Then I remembered it- Emmett and Jasper had been planning a snow war for the whole morning. Snow was surprisingly fun to throw and get hit with, so I decided to join in and ended up having fun for the first time in a while, considering that Alaskans don't throw their snow, with my brothers. Rosalie had decidedly stepped to the side to avoid getting drenched and Alice was no where to be seen. She usually saved our table in the lunch room away from the others.

After a while, my brothers and I emerged into the room sopping wet and laughing while Emmett recapped the most intense, in his opinion, part of the battle. Sitting down, he shook his hair, surprisingly like a dog, and spoke an instant replay to Alice of their snow time.

I was no longer listening to them. A few minutes earlier, Bella had entered the lunch room with her friend Jessica, and had only taken one quick glance over to our table before paling and looking sick. I knew this after our eyes met, almost be accident. Was this my fault? These days, it almost always was…

I tried to focus on the task in front of me, which was eating with my family, but I could hear certain thoughts from across the room. I tried to listen to a few of them, even though I had come to terms with the fact that I couldn't read her mind…

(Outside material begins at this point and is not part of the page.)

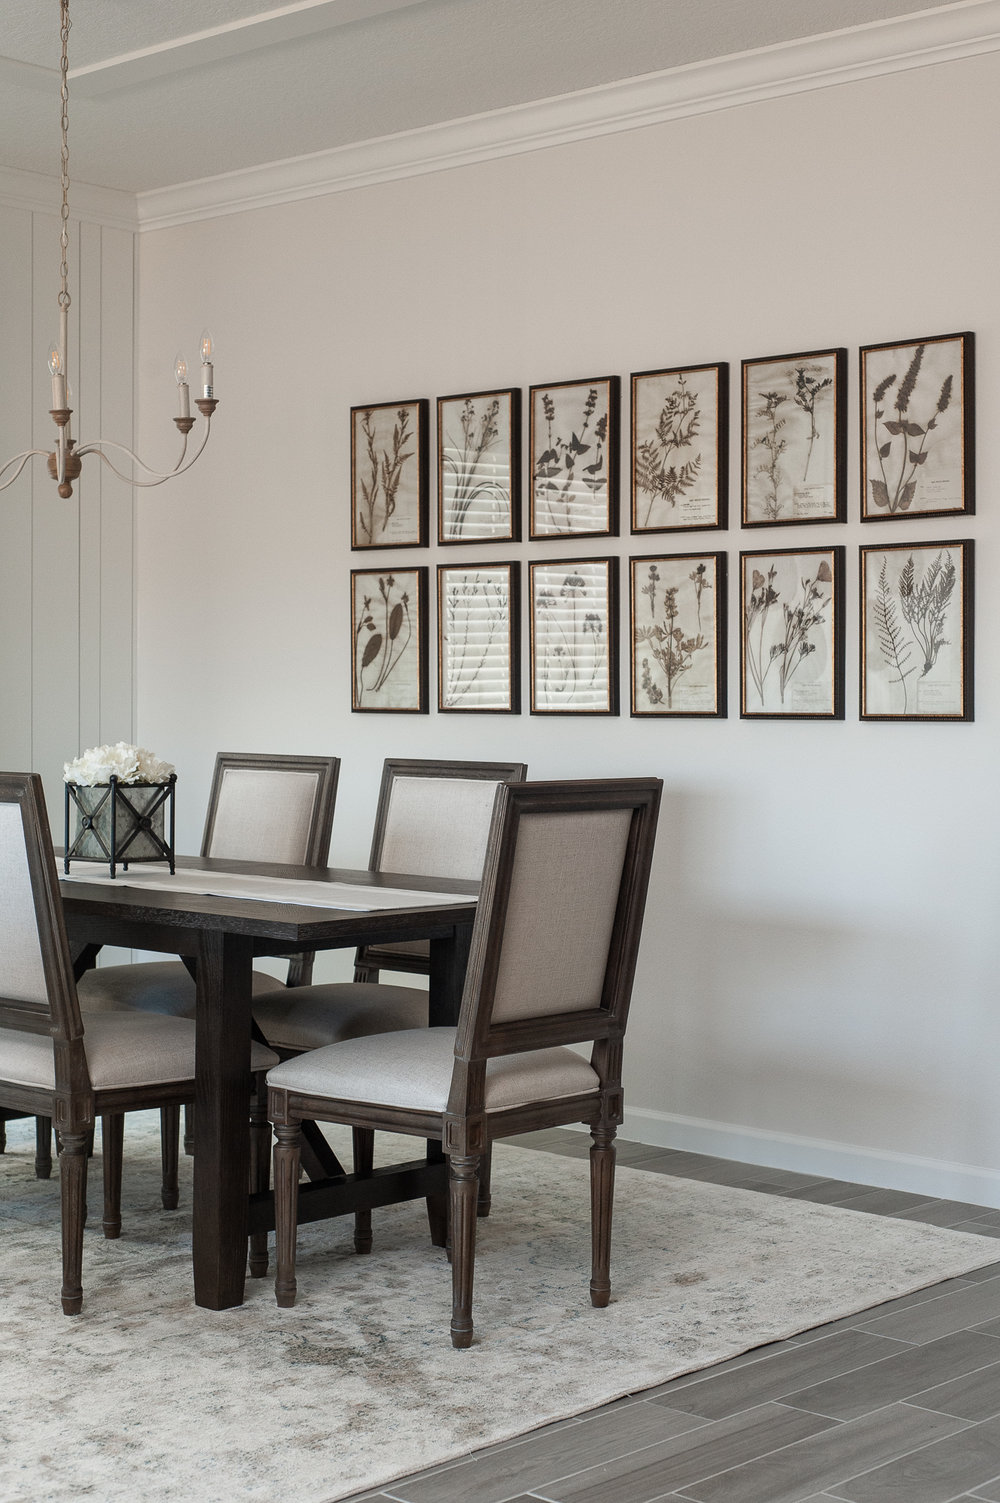 Micamy_Interior Designer_Design_Interior_Model_Merchandising_Dining_Room_Formal_Universal_Furniture_Rug_Loloi_Uttermost_Creative Co-Op.jpg

"_Can't read my mind, I'm undefined…"_

I knew that song would be in my head the whole day… That's what comes from a love of music, even the songs you despise run rampant. I guess that's my fault for listing to the radio.

For the rest of lunch I made sure to only focus on what was happening with my own table. It was definitely less exciting than the rest of the room's conversations, but I could always tune into what they were saying in their heads.

Suddenly the bell rang and jerked me out of the daze that I had sunk into. Last time I looked we still had at least a half-hour, where had the time gone? It's not like I can sleep…

I, of course, ending up being the last person out of the cafeteria, which is odd since I'm usually first with my family, but they had left me ages ago.

I almost wish that I had stayed in Alaska… At least there I could manage to pay attention, or not. I didn't seem to have it so easy even when I went back recently. I still thought about my actions and thoughts toward _her_.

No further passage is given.